#### [Source data]
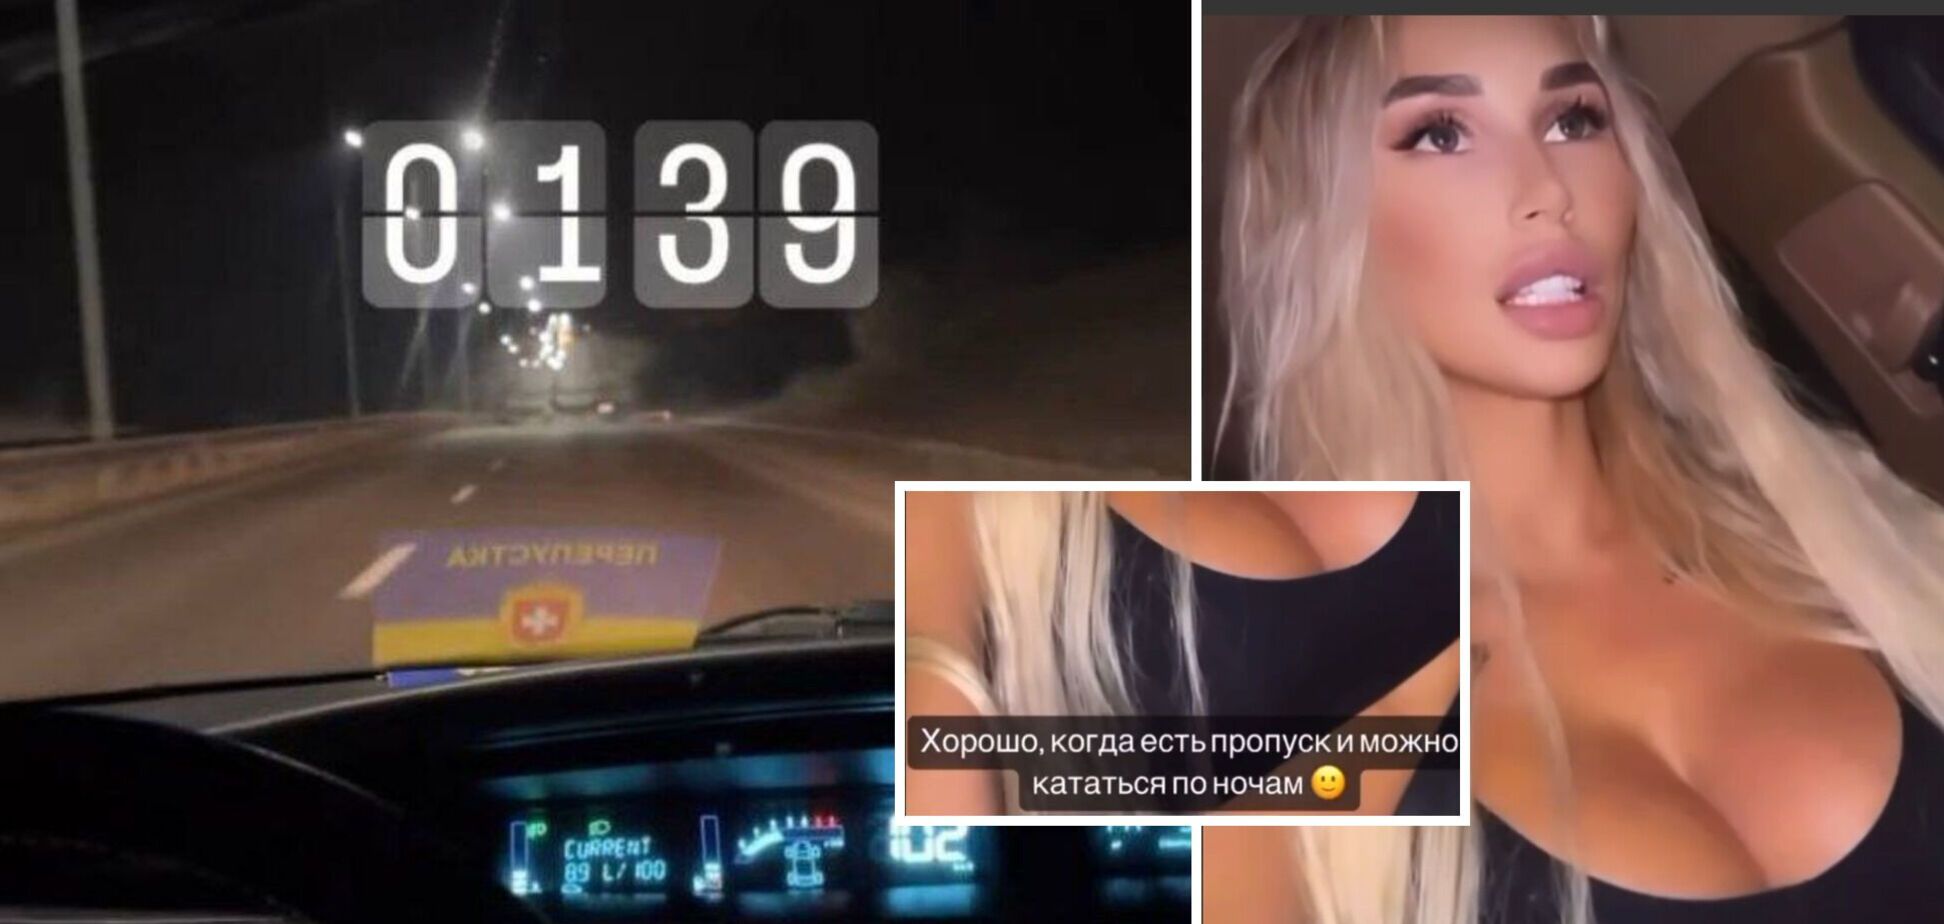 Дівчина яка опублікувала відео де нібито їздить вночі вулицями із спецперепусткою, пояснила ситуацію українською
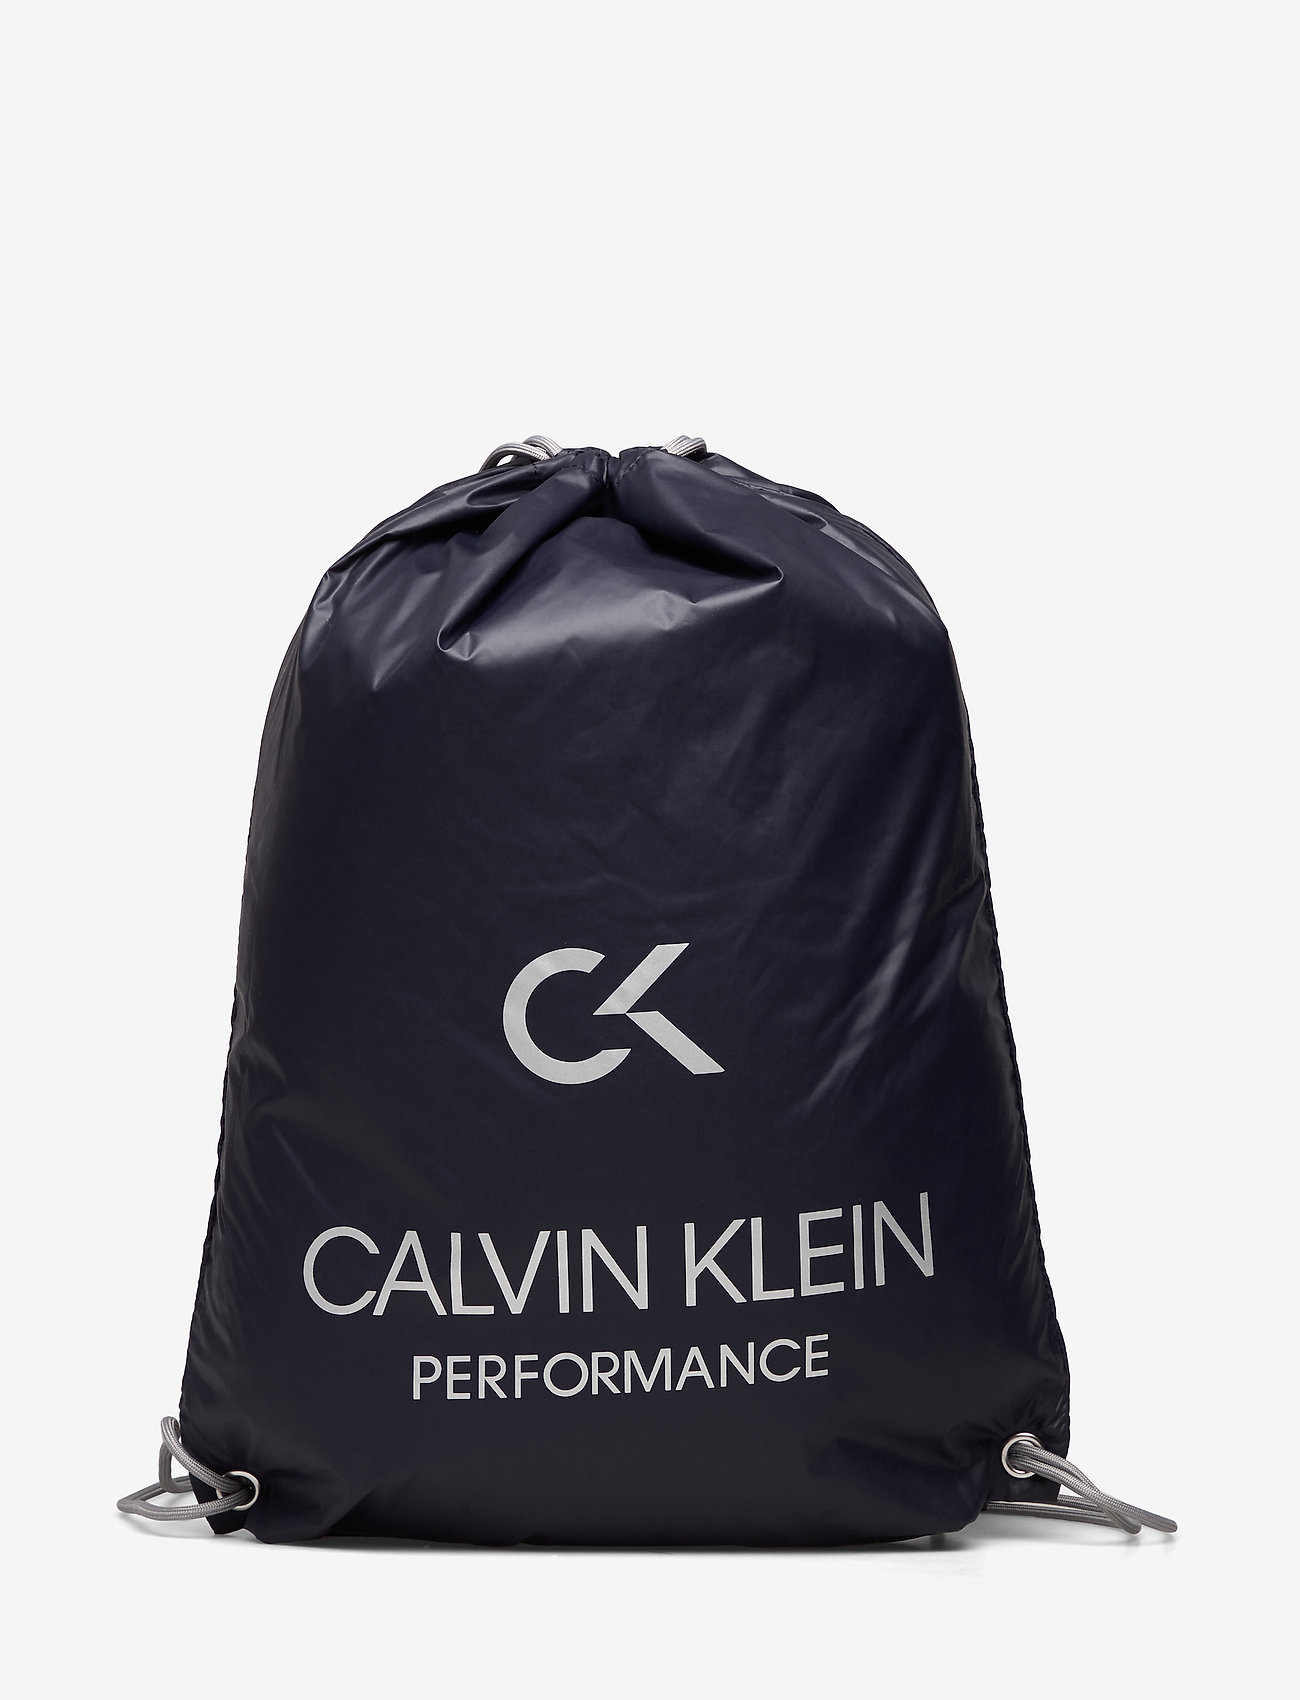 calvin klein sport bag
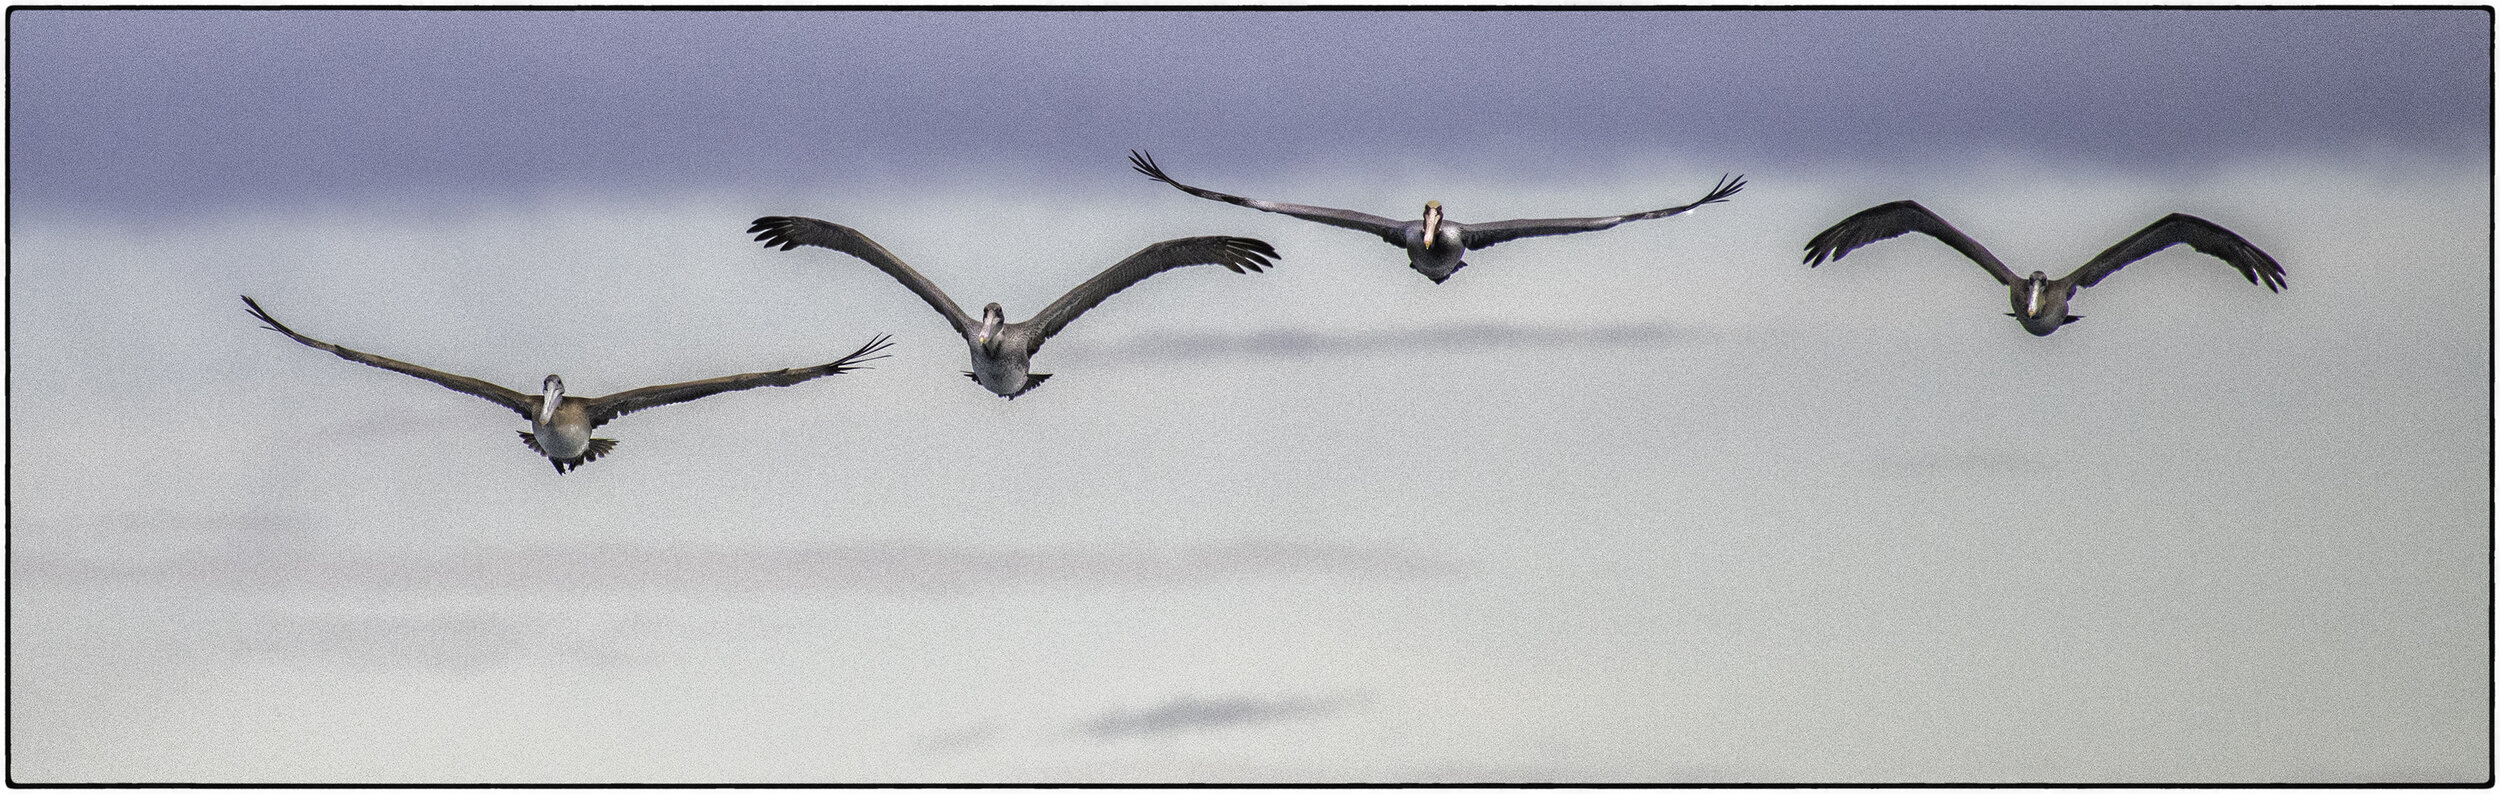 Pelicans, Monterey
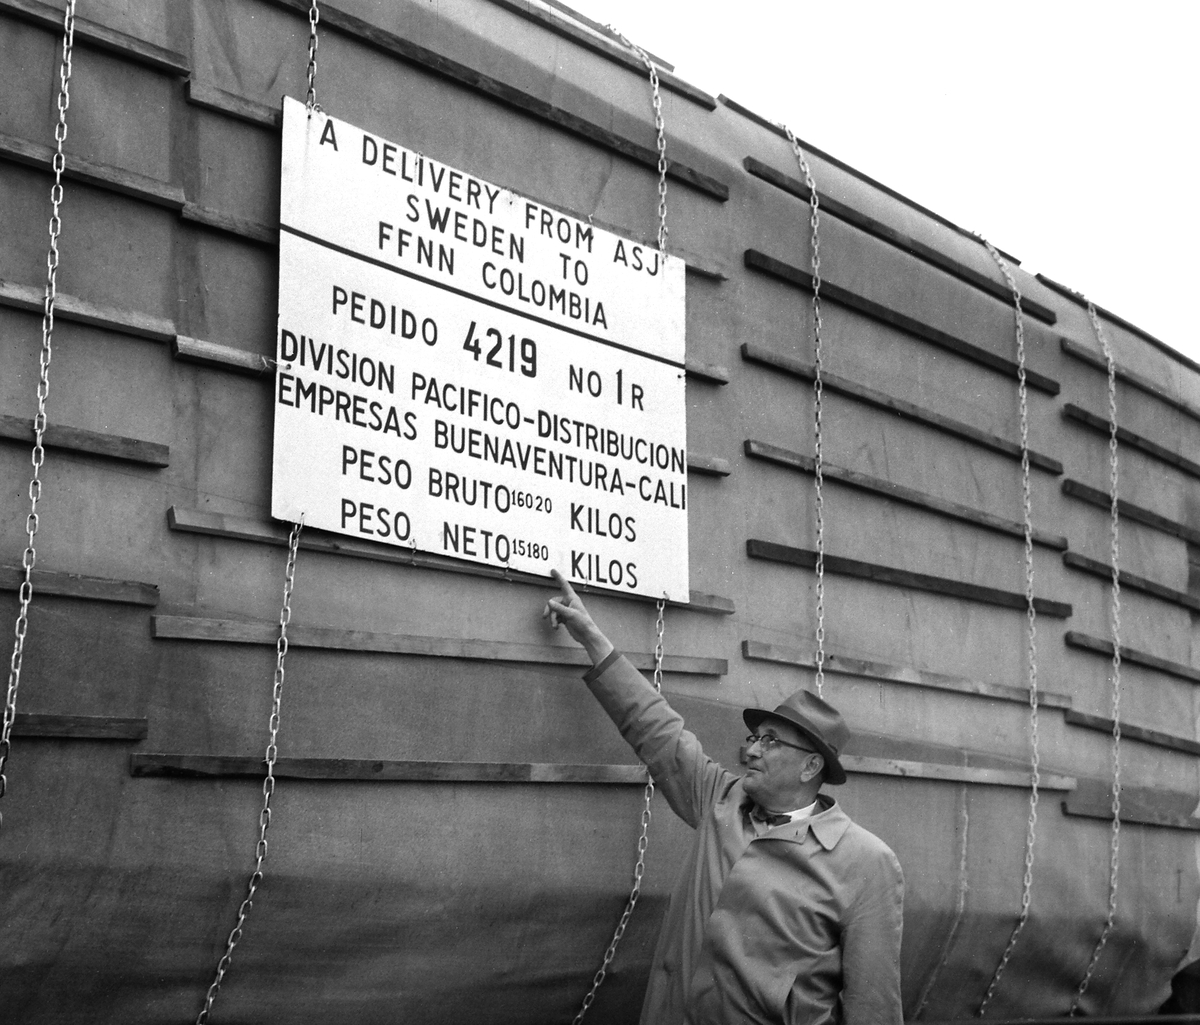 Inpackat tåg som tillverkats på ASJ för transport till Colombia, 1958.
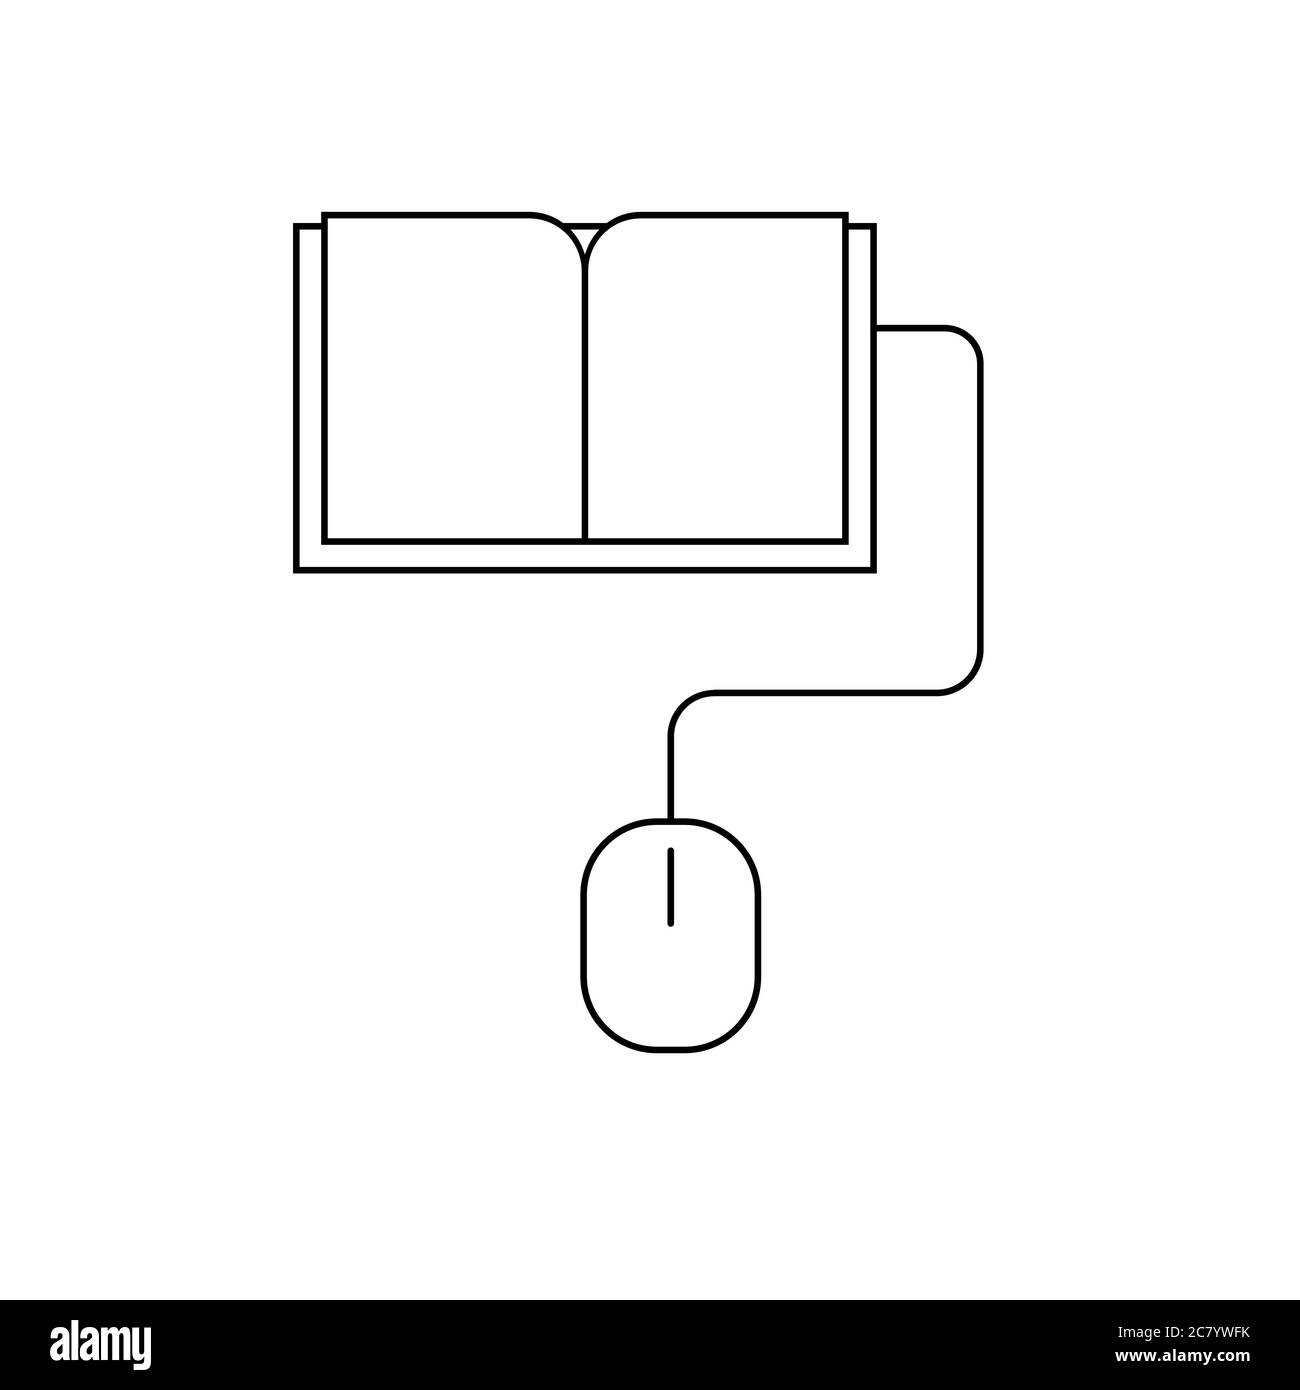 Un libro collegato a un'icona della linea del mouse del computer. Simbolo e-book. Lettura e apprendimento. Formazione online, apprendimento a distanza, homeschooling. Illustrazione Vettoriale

#### [Task details]
Put down exactly the lines of the data above that run from its first line through the line bearing "Inpackat tåg som", and no pictures.

#### [Task output]
 Дівчина яка опублікувала відео де нібито їздить вночі вулицями із спецперепусткою, пояснила ситуацію українською
 calvin klein sport bag
 Pelicans, Monterey
 Inpackat tåg som tillverkats på ASJ för transport till Colombia, 1958.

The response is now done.